INGI Seminar

August 23, 2019

12:50-13:50

Louvain-la-Neuve

Nyquist a.164 - Maxwell Building

Enumerative algorithms for biclustering: expanding and exploring their potential in bioinformatics and neuroscience

By Rosana Veroneze Postdoc at UNICAMP, São Paulo, Brasil

Biclustering is a data analysis technique successfully applied in various domains. Biclustering, Frequent Pattern Mining (FPM), Formal Concept Analysis and Graph Theory (in specific: the problem of finding bicliques in a bipartite graph) are closely related to each other.

In these areas, we have many algorithms for enumerating all maximal biclusters of ones in a binary dataset that have four interesting properties :

  • efficiency (have time complexity linear in the number of biclusters and polynomial in the input size),
  • completeness (find all maximal biclusters),
  • correctness (all biclusters obey the user-defined measure of internal consistency), and
  • non-redundancy (all the obtained biclusters are maximal and the same bicluster is not enumerated more than once).

Since her PhD, Rosana Veroneze has been pursuing these four properties in the development of enumerative biclustering algorithms for numerical (not only binary, but also integer or real-valued) data matrices. One of the major goals of this postdoctoral project is to address challenges that are intrinsic to the enumerative algorithms.

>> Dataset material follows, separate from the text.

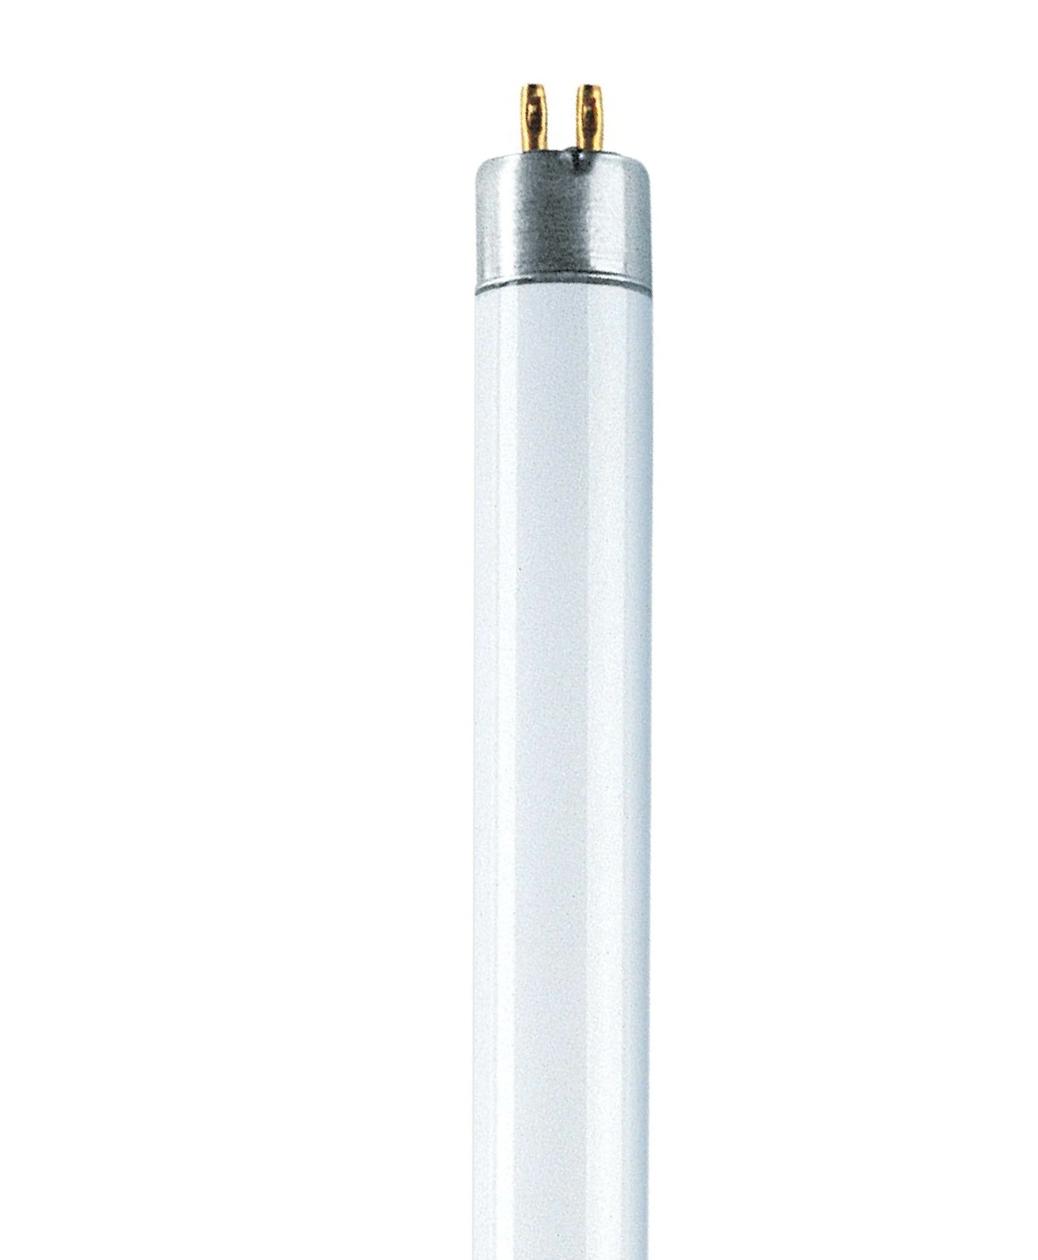 1 Stk T5 8W/840 G5 430lm Leuchtstofflampe 16mm LI5V008929
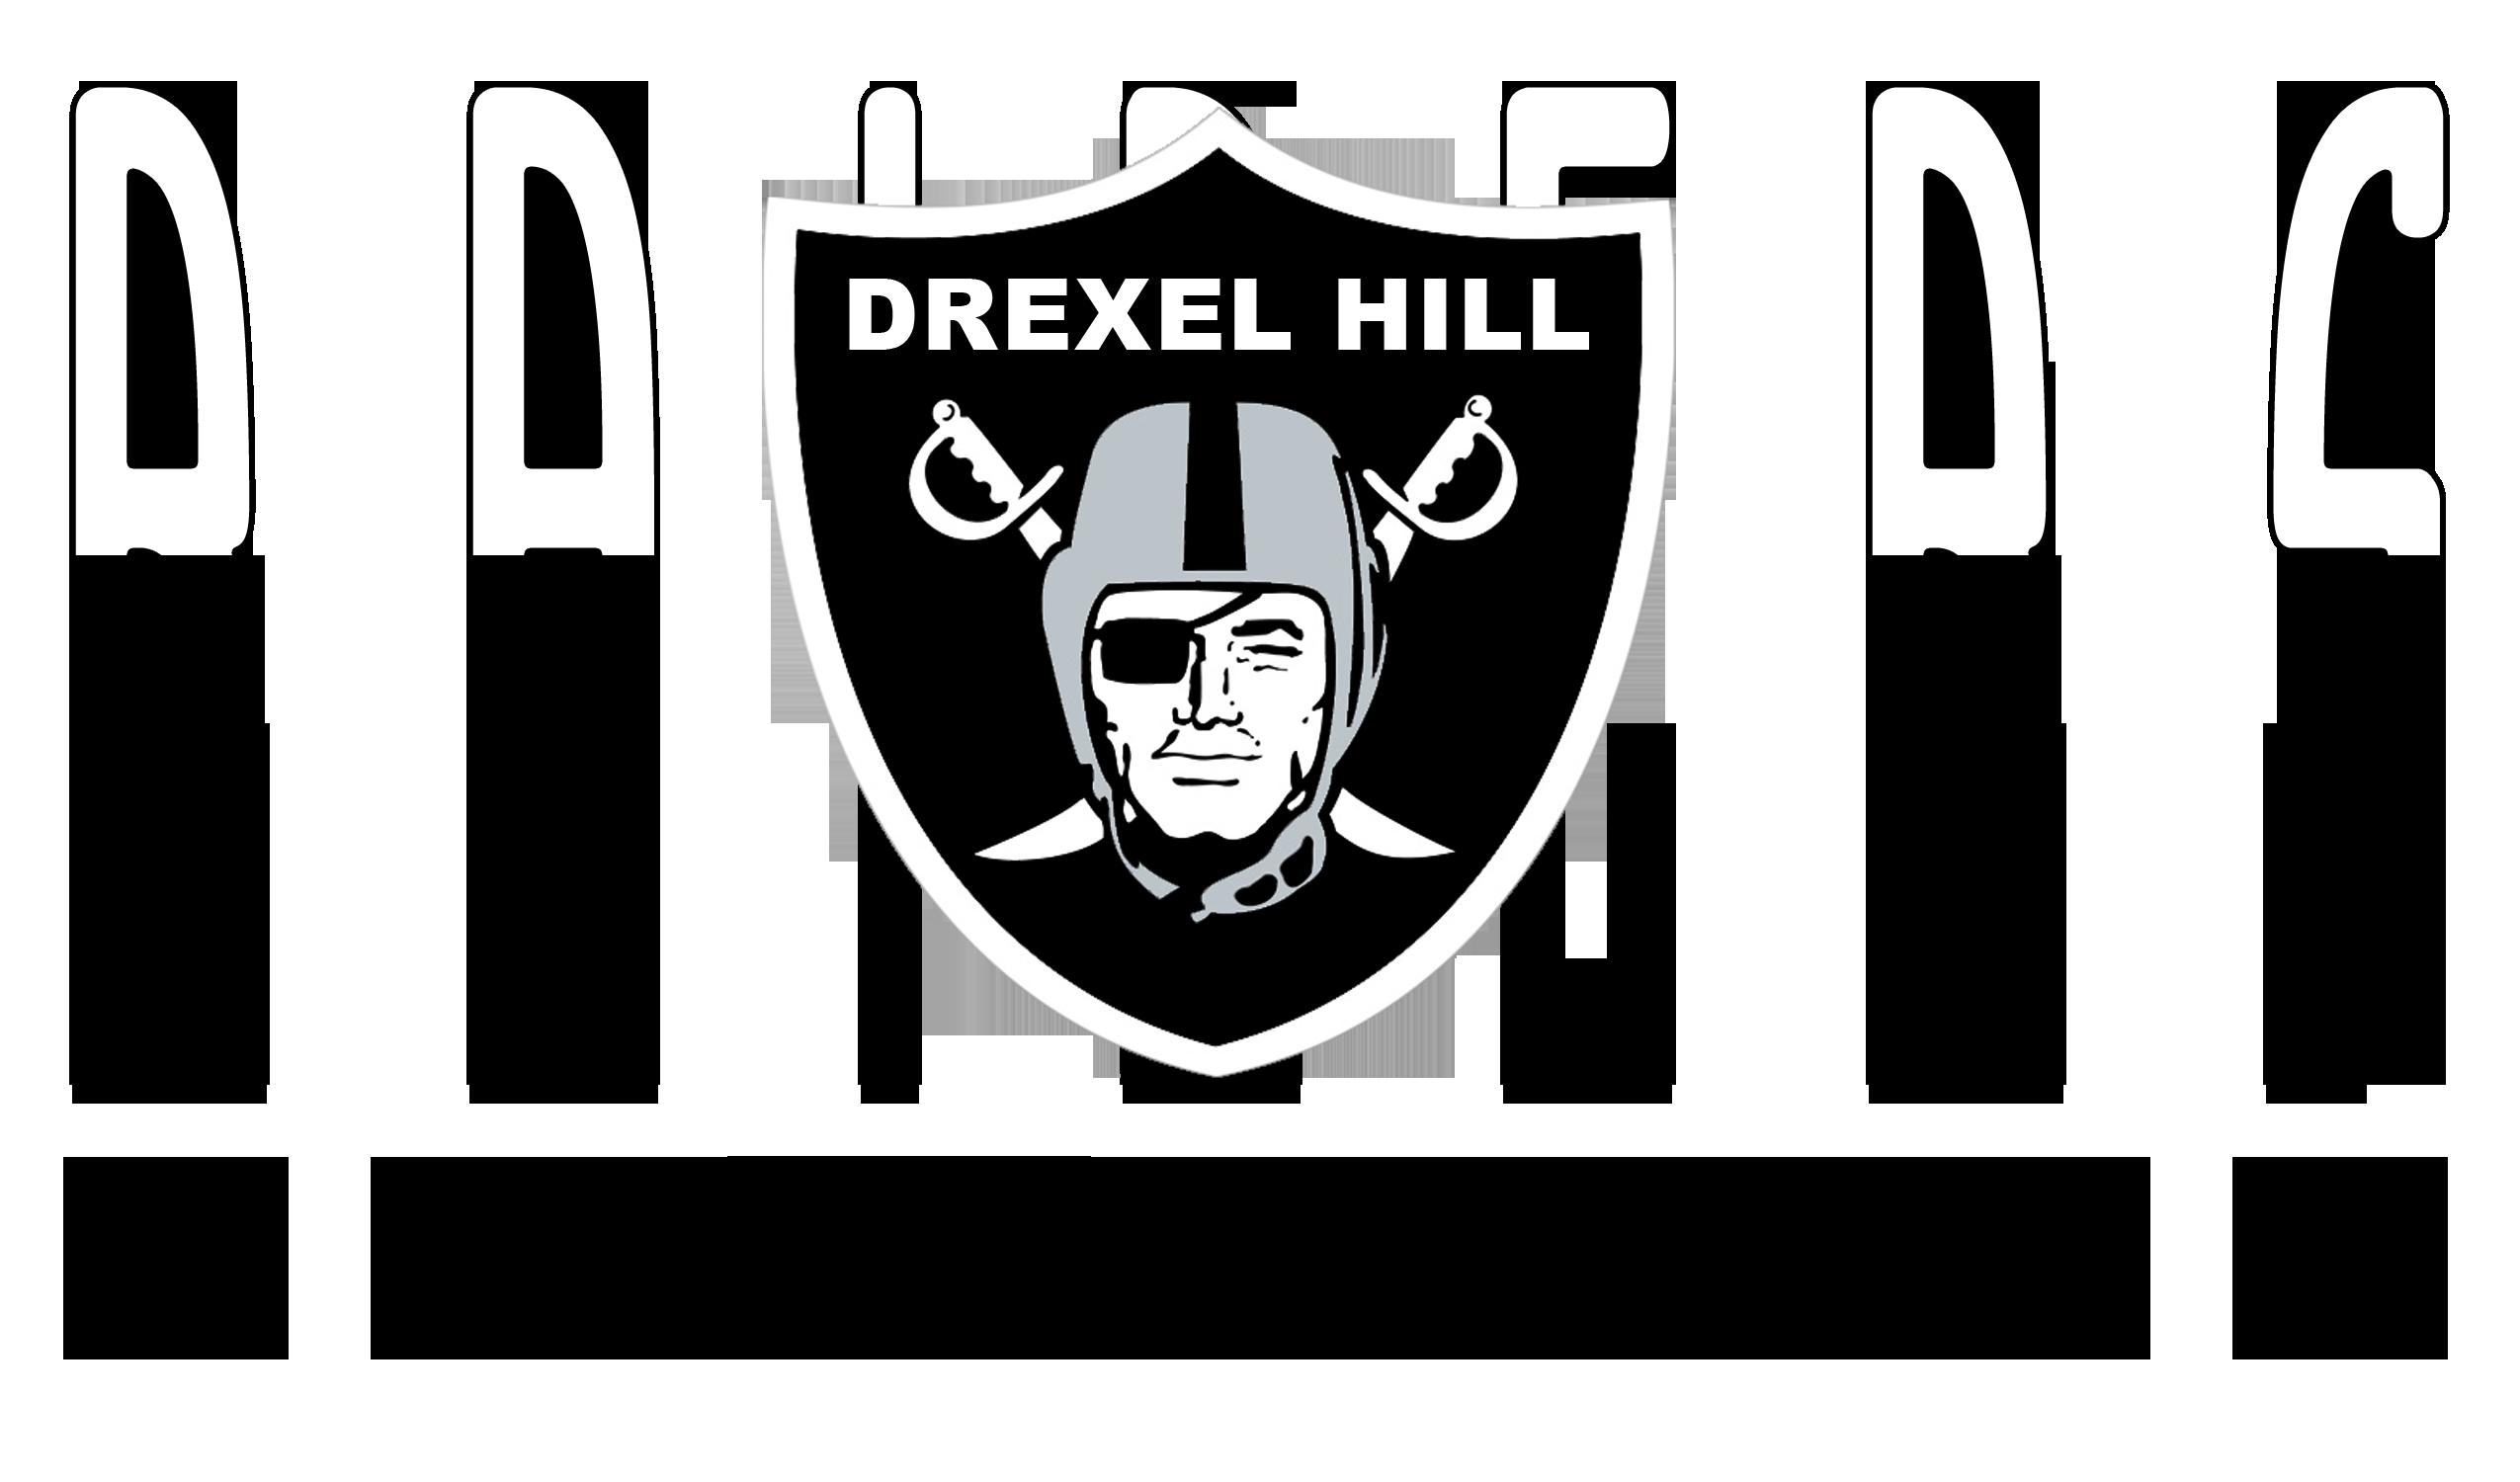 Girl flag football clipart svg freeuse library Football Home | Drexel Hill Raiders svg freeuse library

Among these challenges, we can highlight: the constant pursuit for better algorithms in terms of runtime and memory usage; the selection of relevant biclusters (or ranking biclusters) since enumerative algorithms can return a huge amount of patterns and many of them are irrelevant; the provision to the expert (eg a physician) of a compact set (or list) of biclusters that are both very relevant and poorly redundant; and data preprocessing and parameter setting.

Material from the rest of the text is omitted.